Given data
□ □ □ □
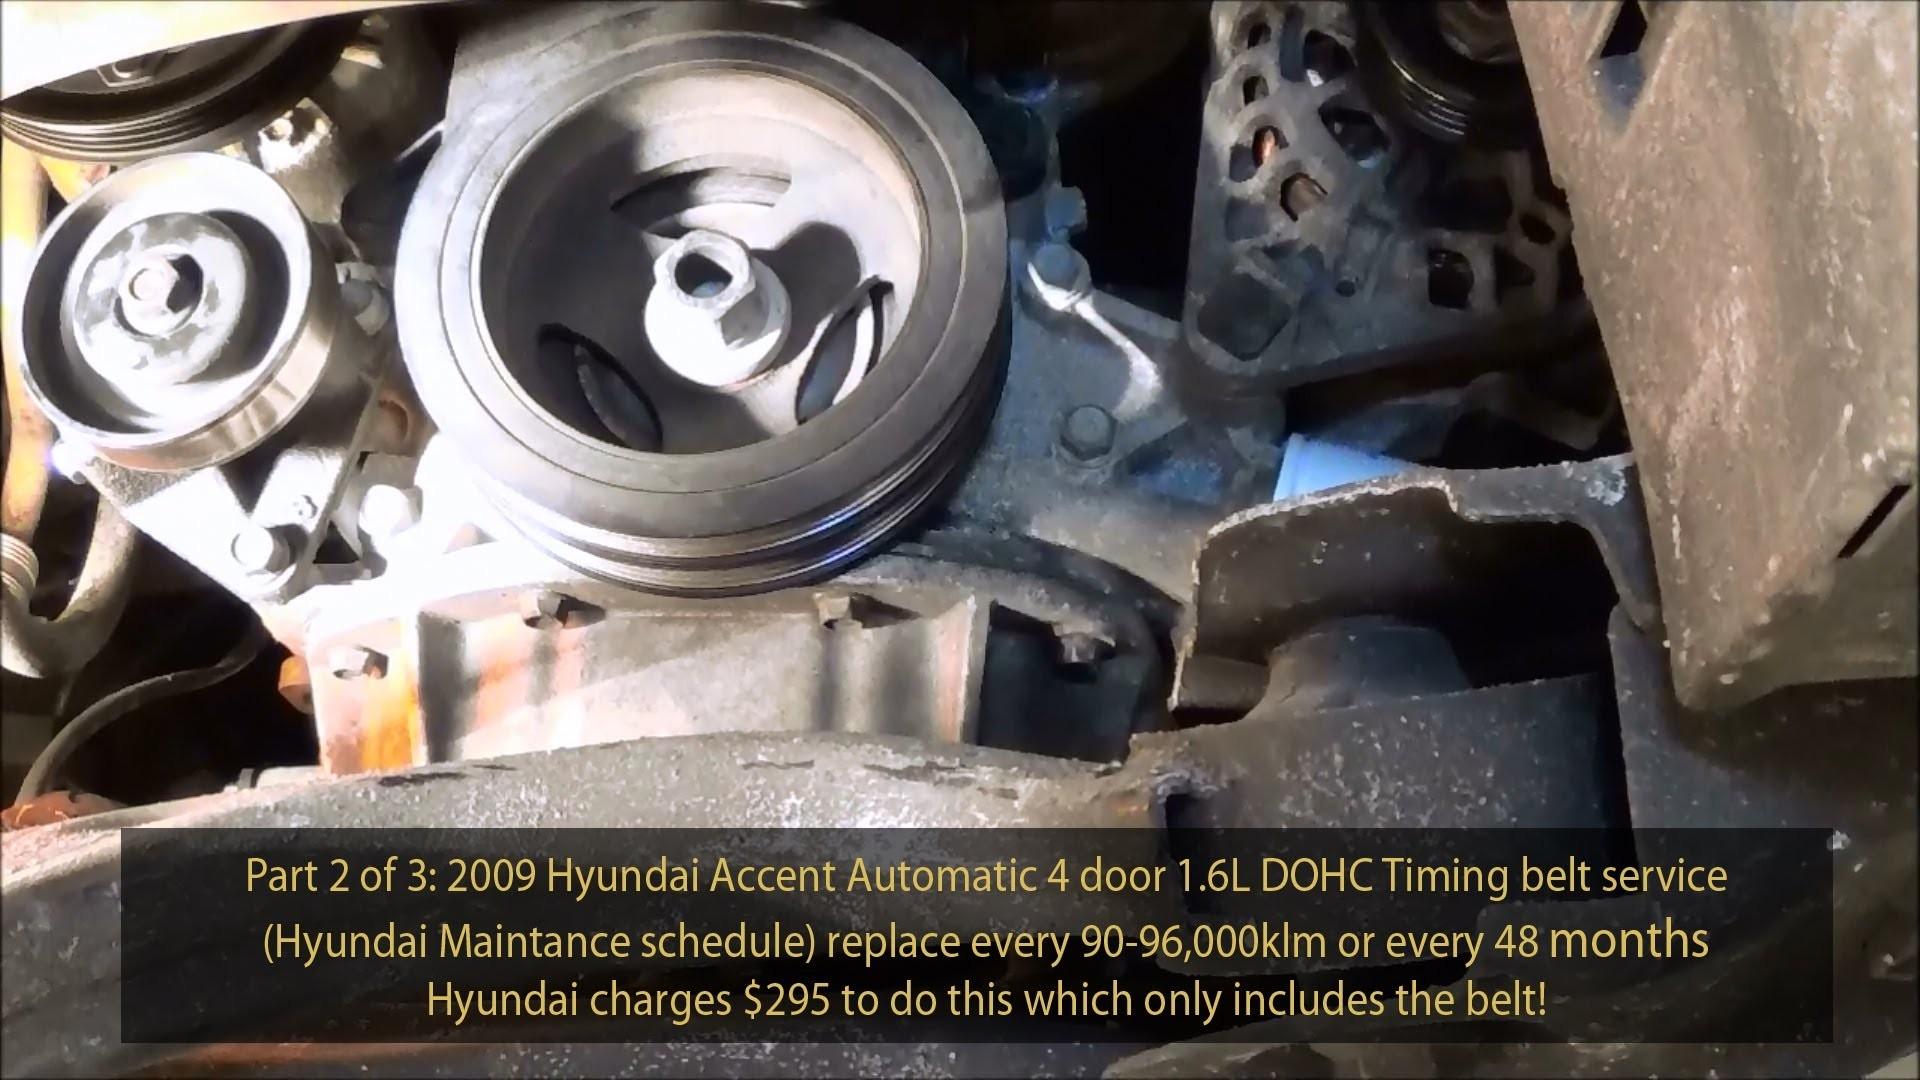 hyundai accent ecu wiring diagram stellaluna venn 2009 engine my
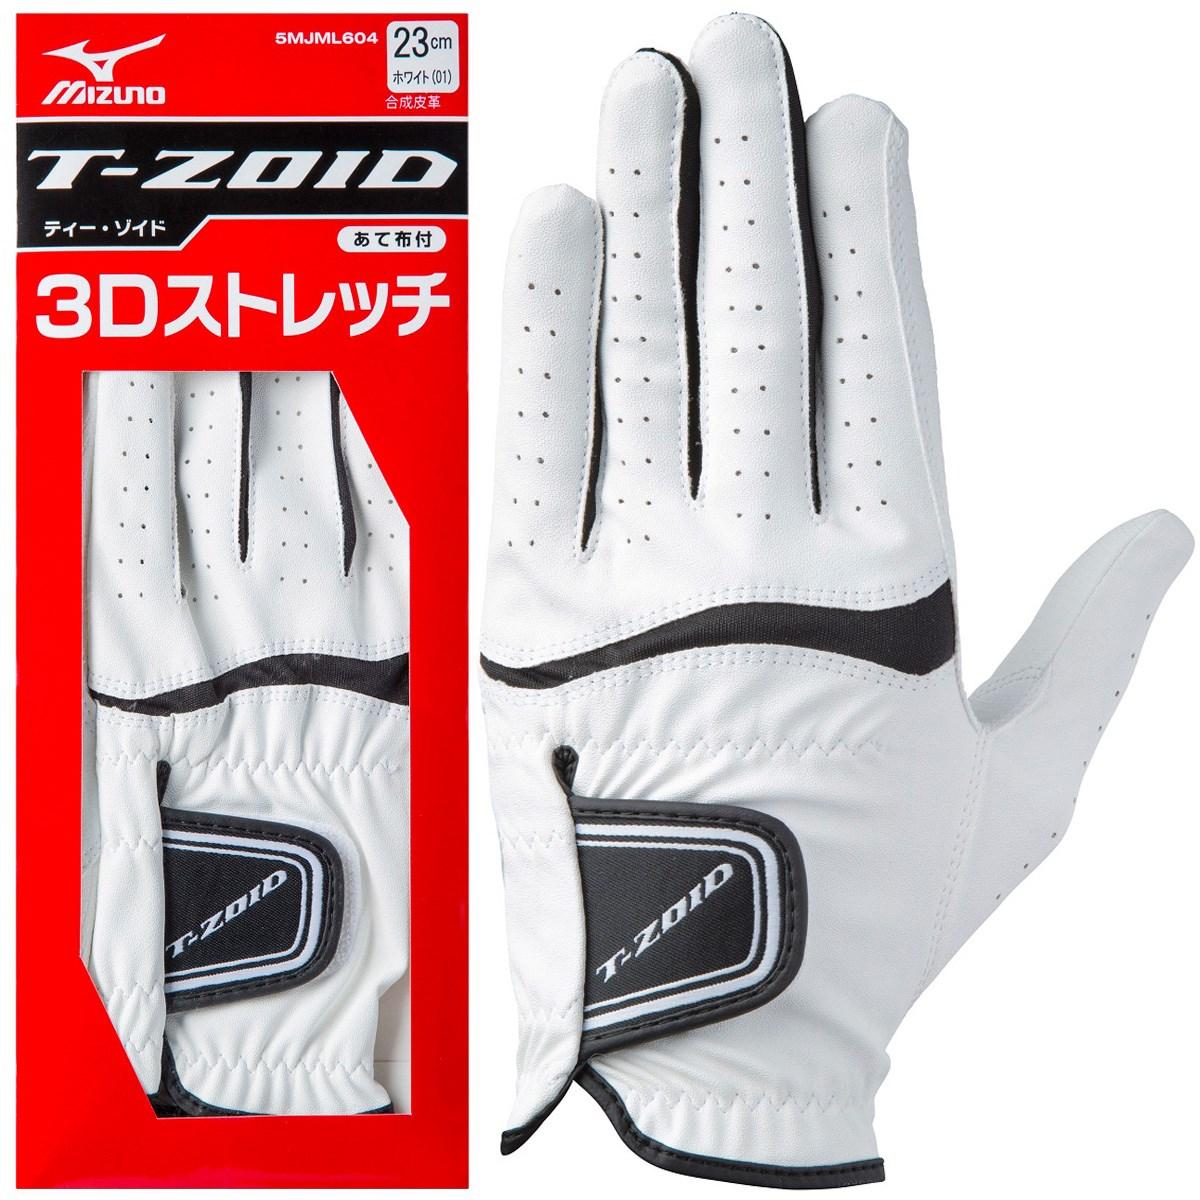 ミズノ T-ZOID グローブ 5枚セット 24cm 左手着用(右利き用) ホワイト
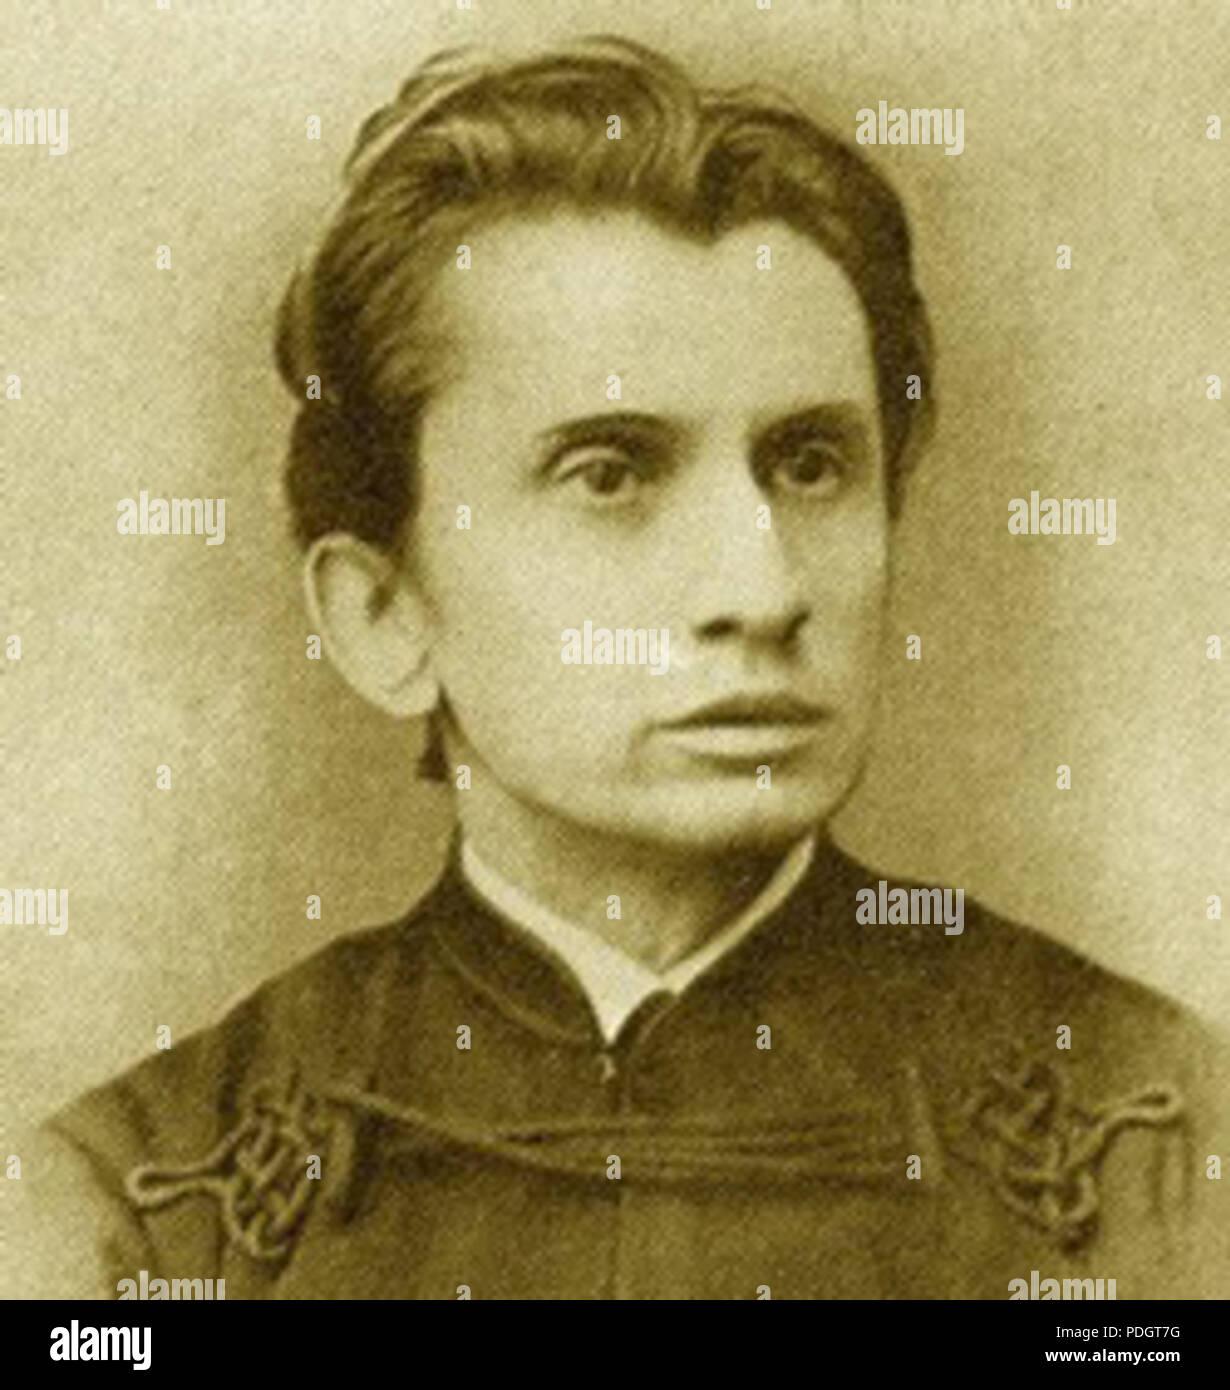 205 leopold von sacher masoch portrait 5 stock photo 214885204 alamy rh alamy com
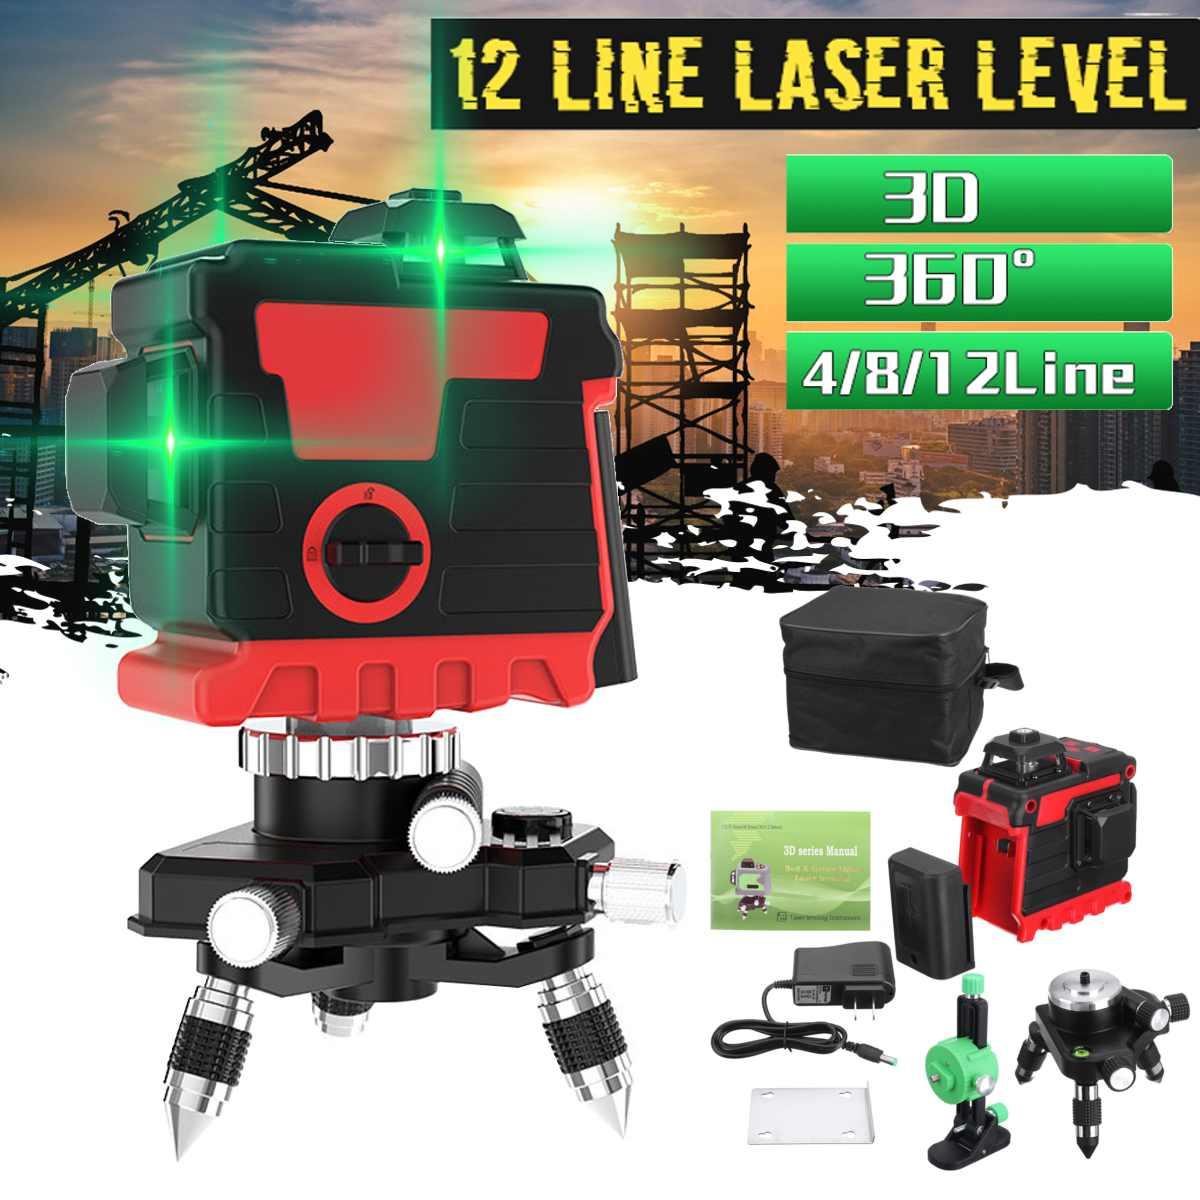 Poziom lasera 12 linii zielona linia 3D samopoziomujący 360 poziome i pionowe laser o dużej mocy laser z zielonym strumieniem
□ □ □ □
Task instructions
Print the lines from the one that contains "ミズノ T-ZOID グローブ 5枚セット 24cm 左手着用(右利き用) ホワイト" through the final line of the material above, exactly and only those, with pictures left out.

Your response
 ミズノ T-ZOID グローブ 5枚セット 24cm 左手着用(右利き用) ホワイト
 205 leopold von sacher masoch portrait 5 stock photo 214885204 alamy rh alamy com
 Poziom lasera 12 linii zielona linia 3D samopoziomujący 360 poziome i pionowe laser o dużej mocy laser z zielonym strumieniem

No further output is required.